* WORK TASK *
Leave out pictures; repeat exactly the lines from the "Авторская гравюра с" line through the last of the data below.

···

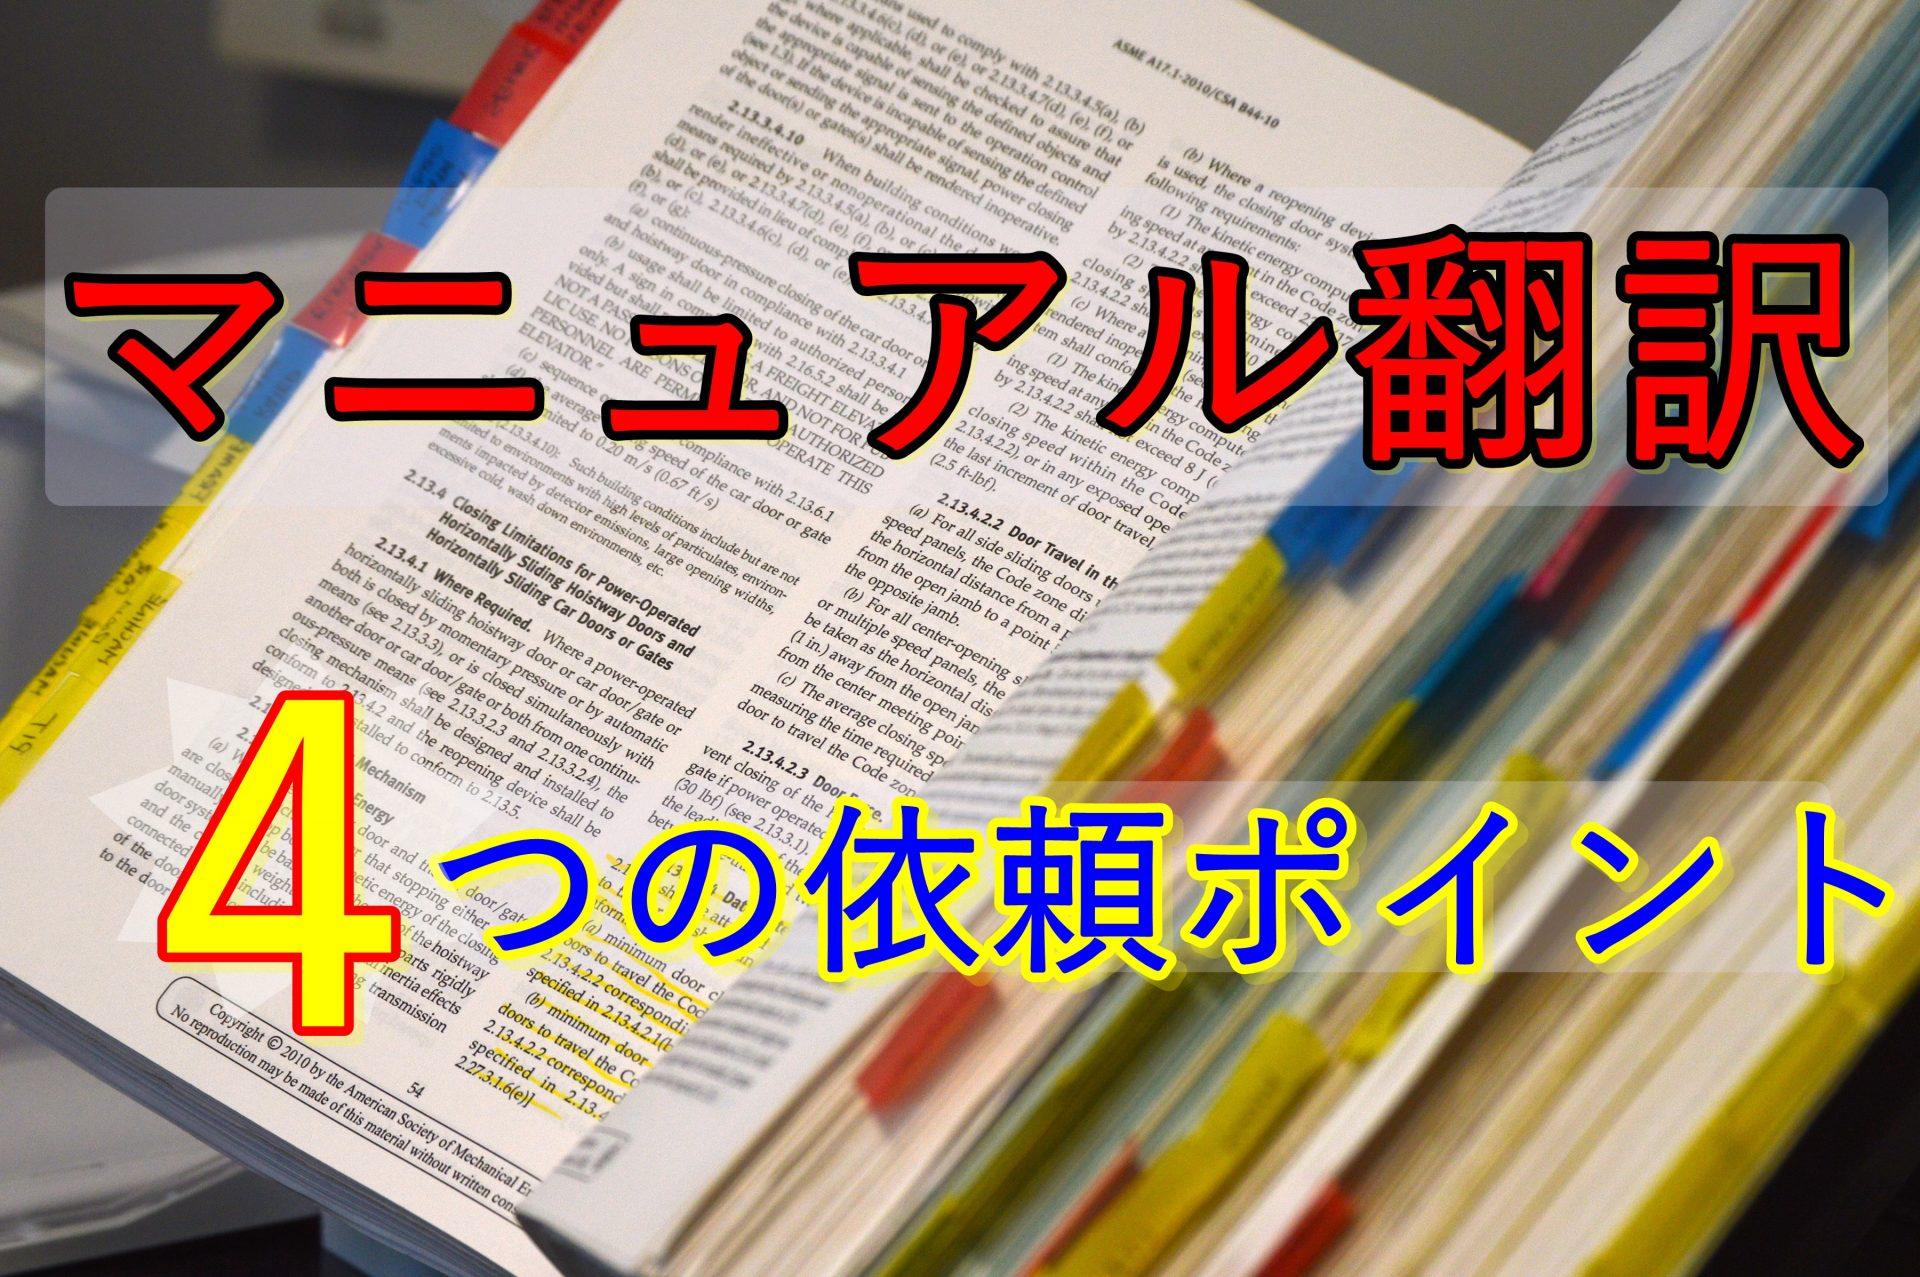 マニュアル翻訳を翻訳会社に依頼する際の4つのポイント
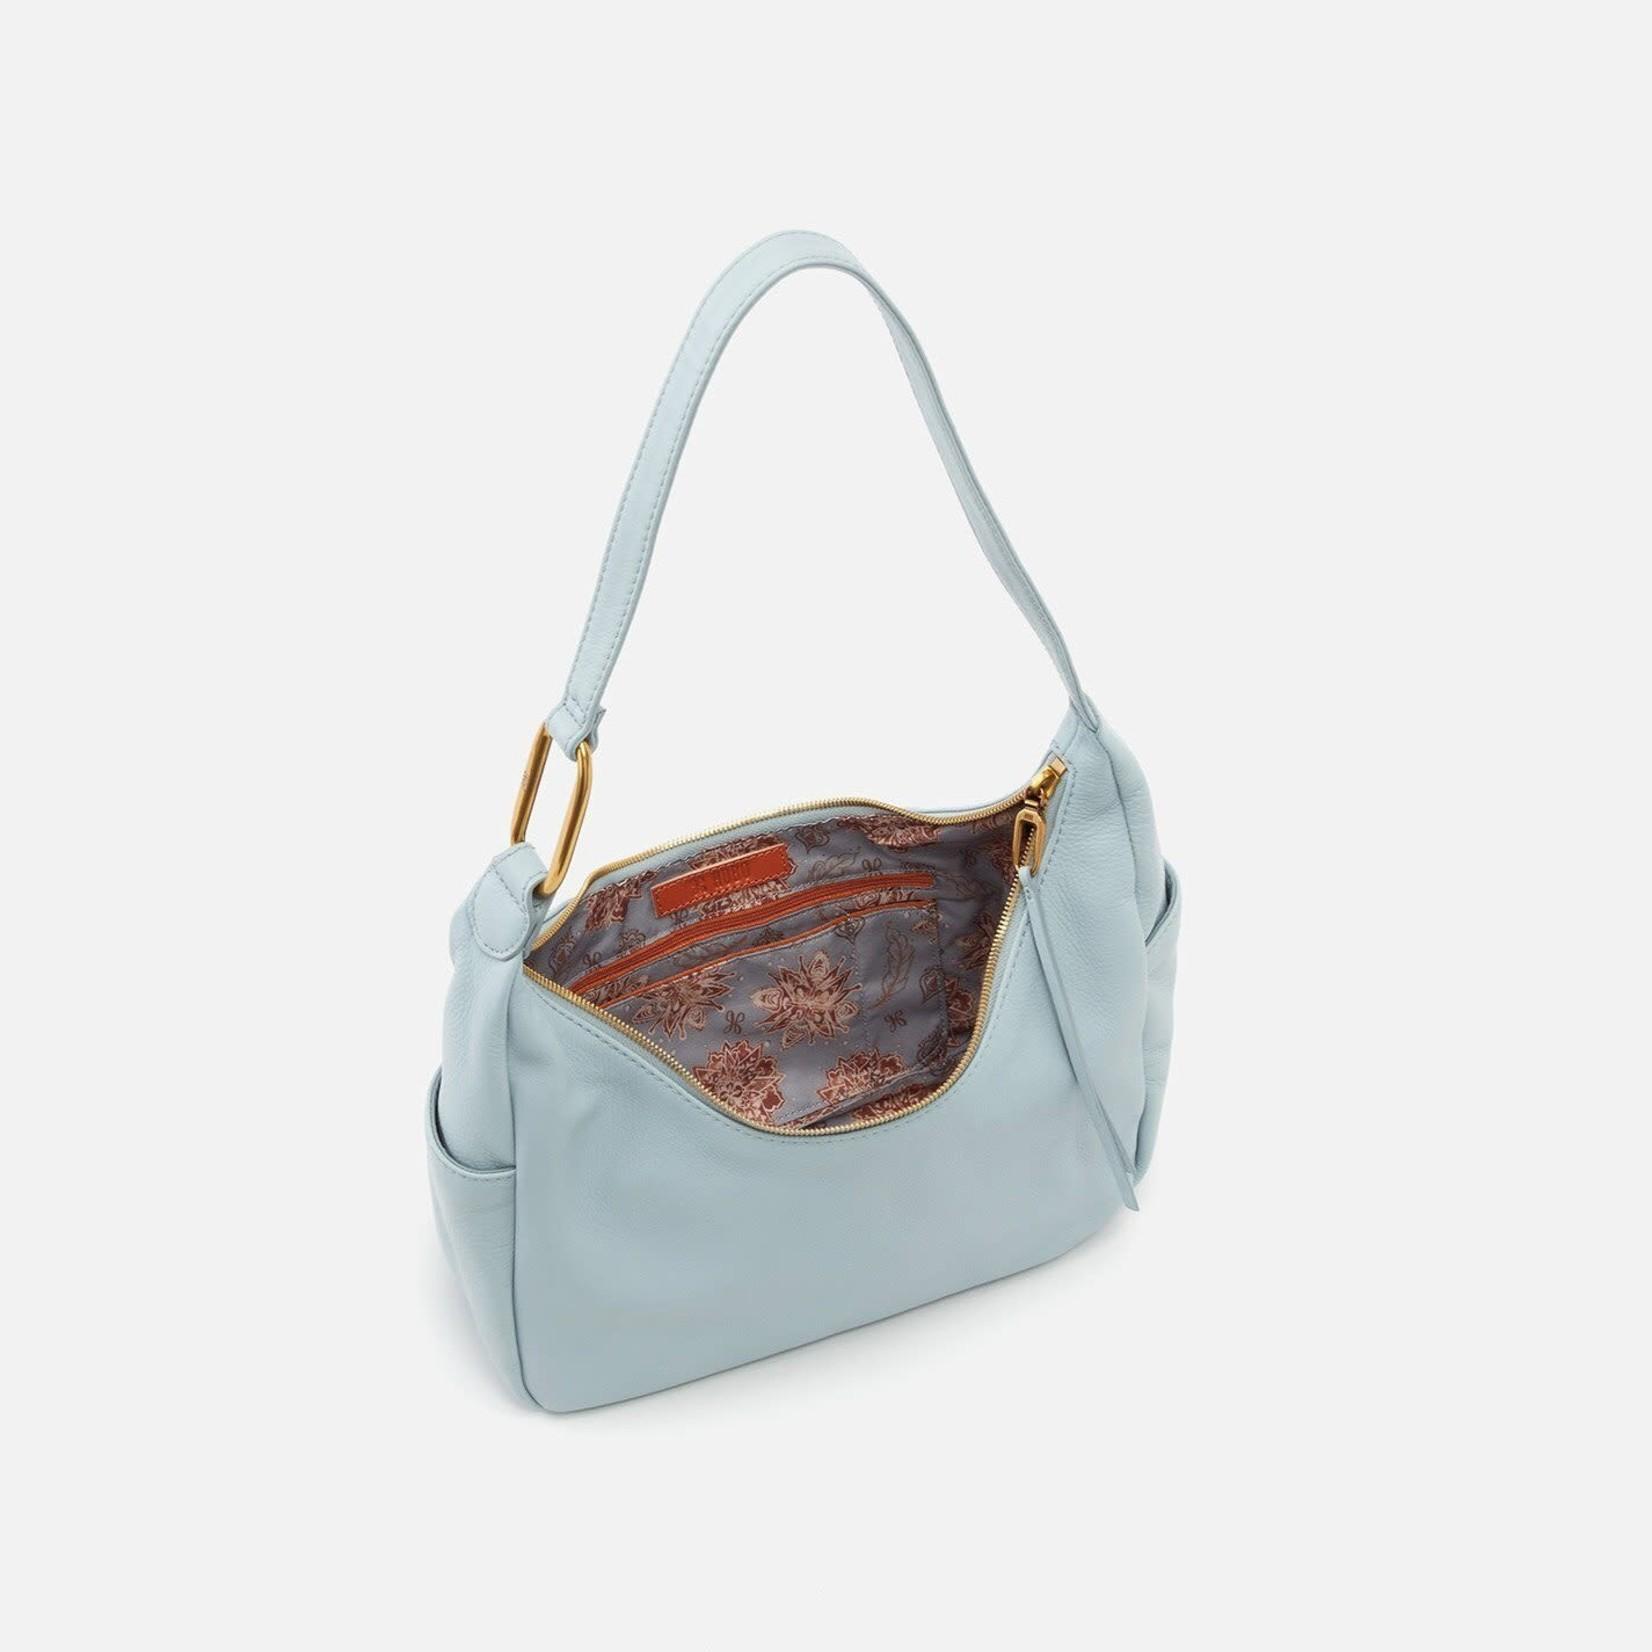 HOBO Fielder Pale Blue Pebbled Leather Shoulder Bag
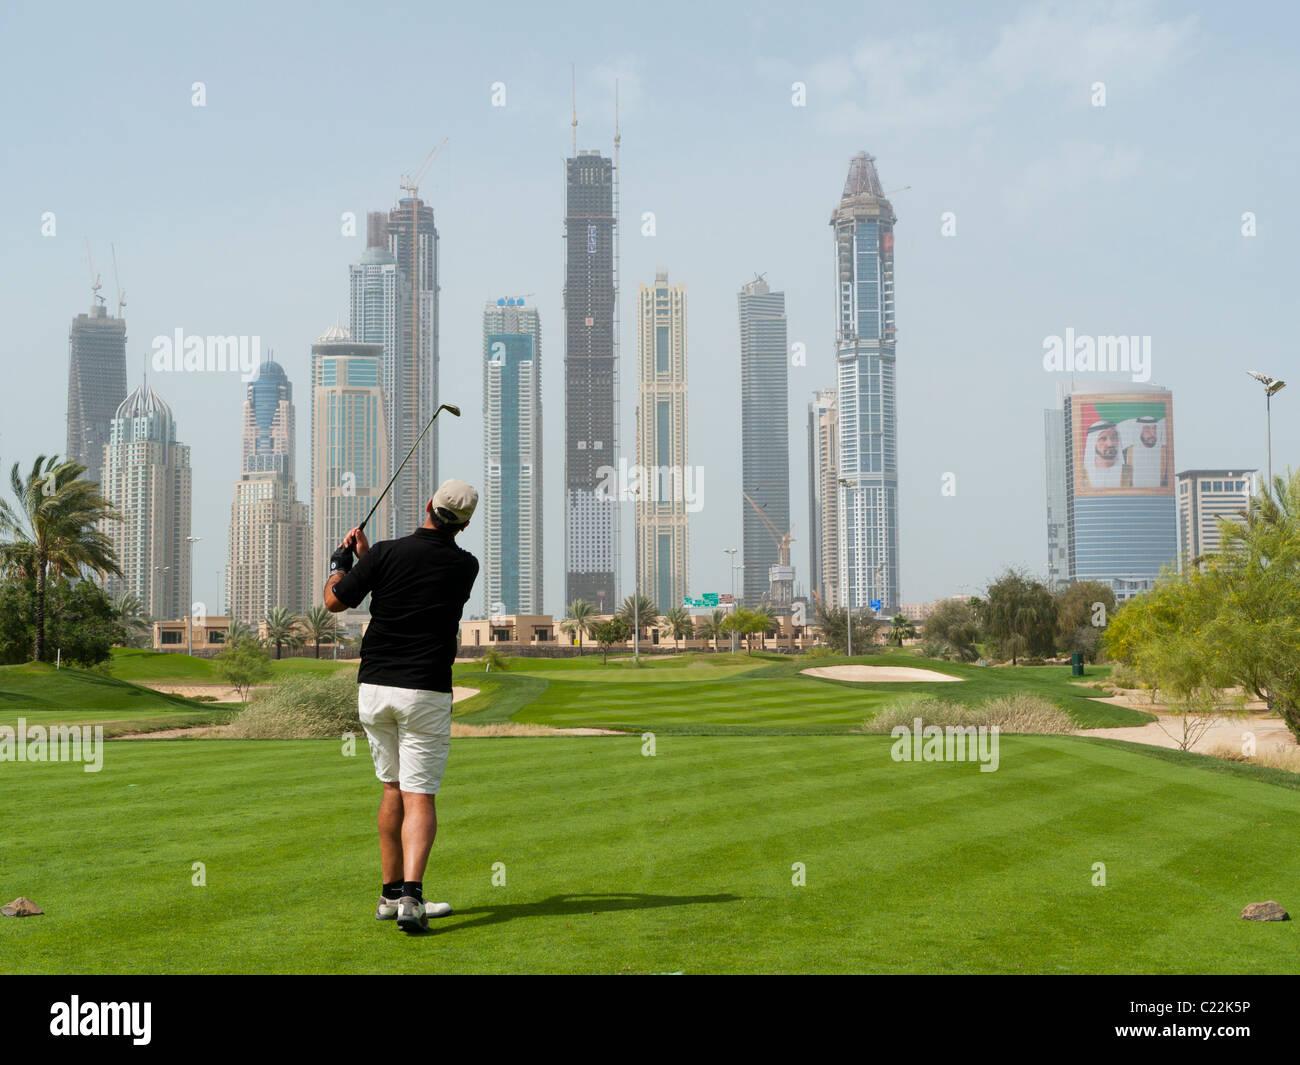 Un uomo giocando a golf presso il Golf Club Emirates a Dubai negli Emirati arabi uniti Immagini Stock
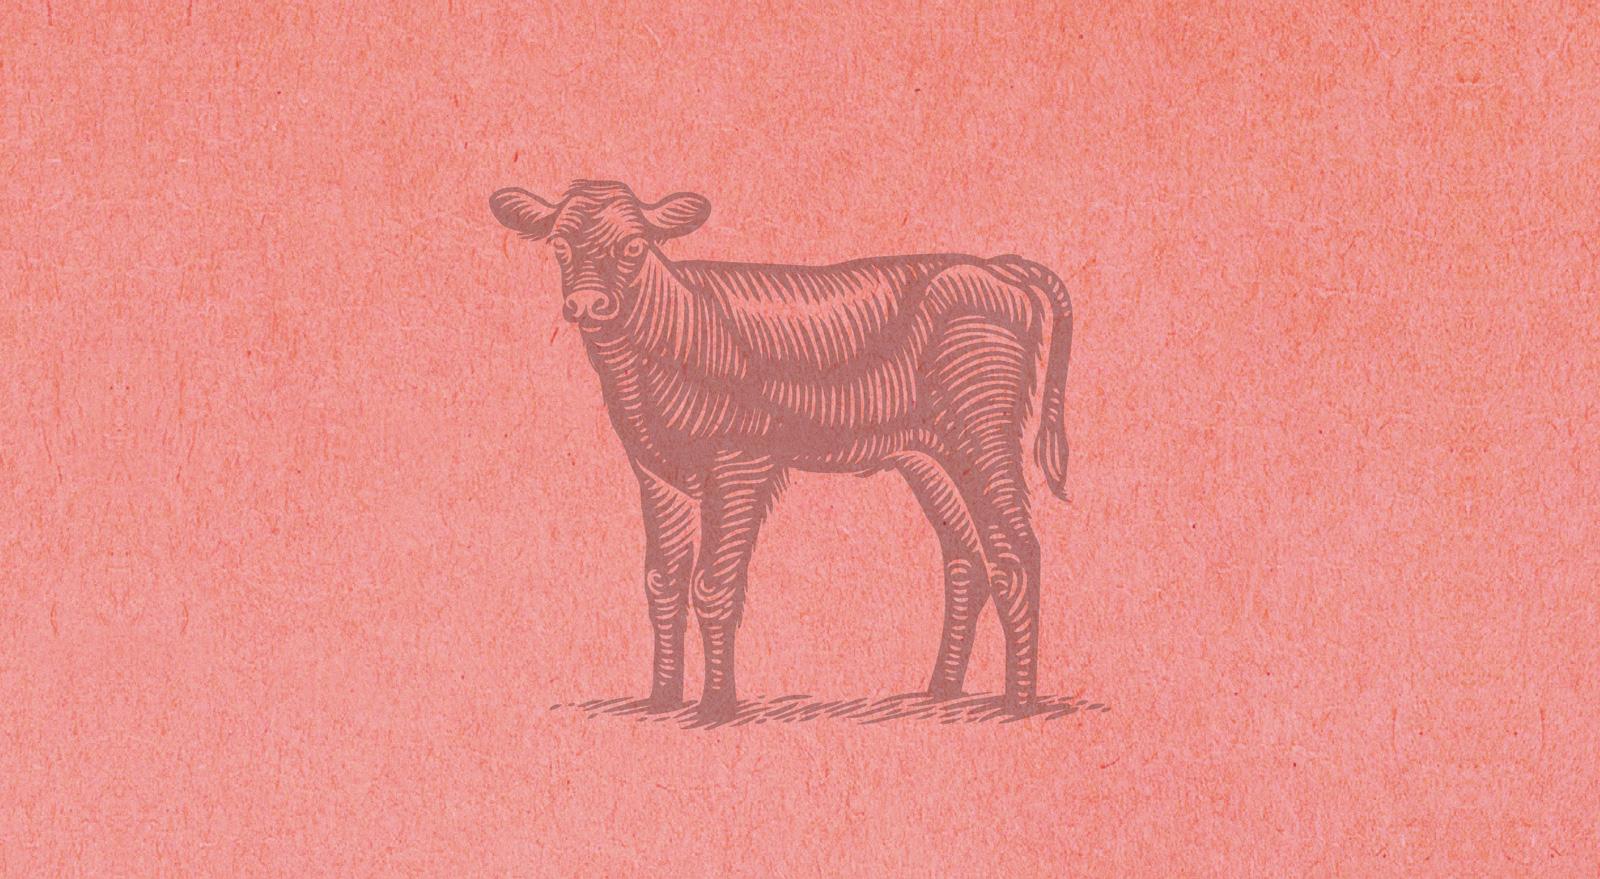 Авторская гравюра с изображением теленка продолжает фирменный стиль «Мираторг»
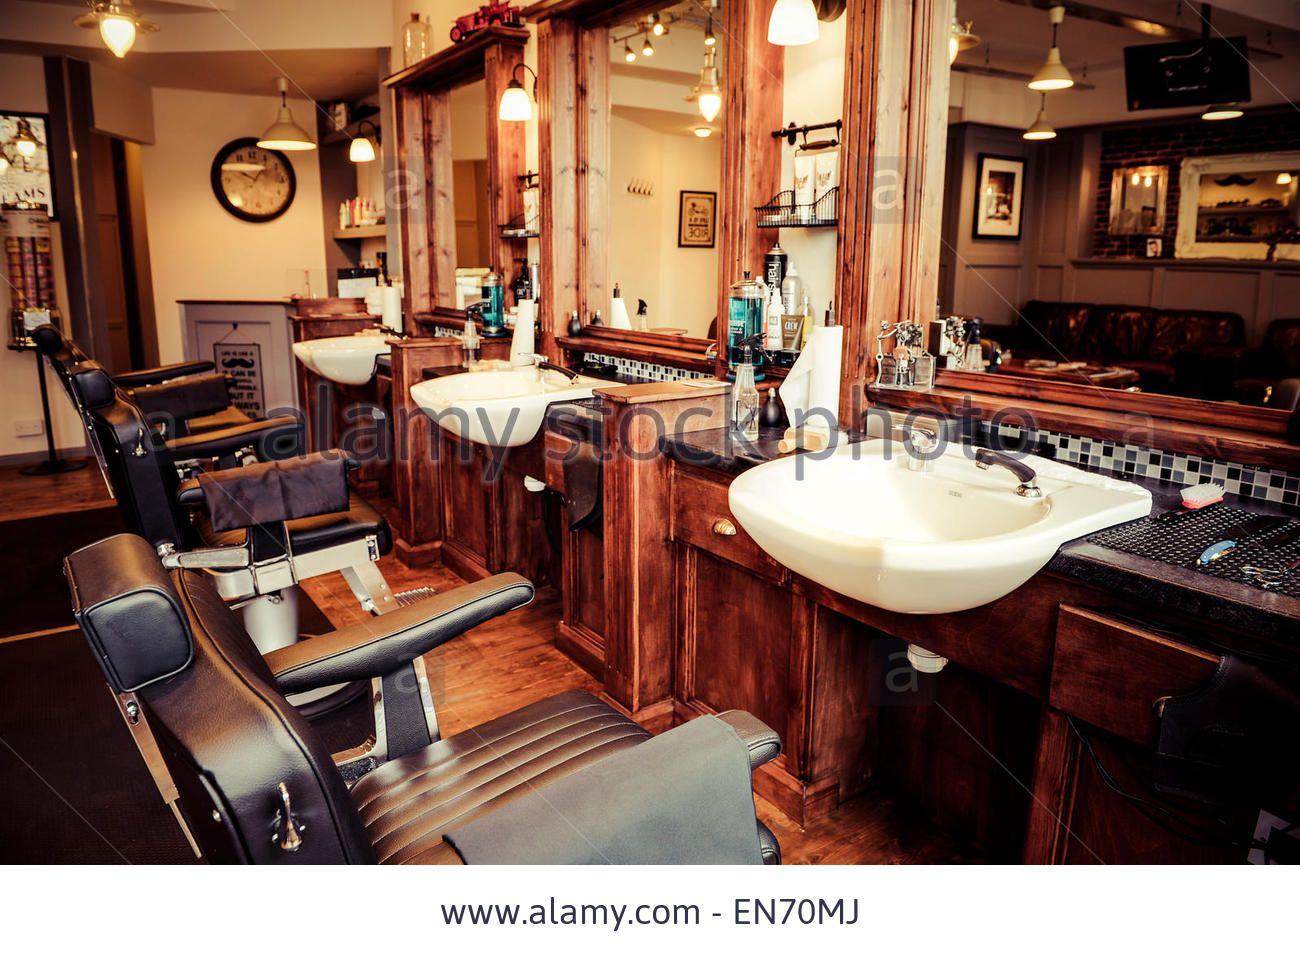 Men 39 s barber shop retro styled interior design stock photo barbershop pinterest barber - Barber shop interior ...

···

* RESPONSE AREA *
 Авторская гравюра с изображением теленка продолжает фирменный стиль «Мираторг»
 Men 39 s barber shop retro styled interior design stock photo barbershop pinterest barber - Barber shop interior ...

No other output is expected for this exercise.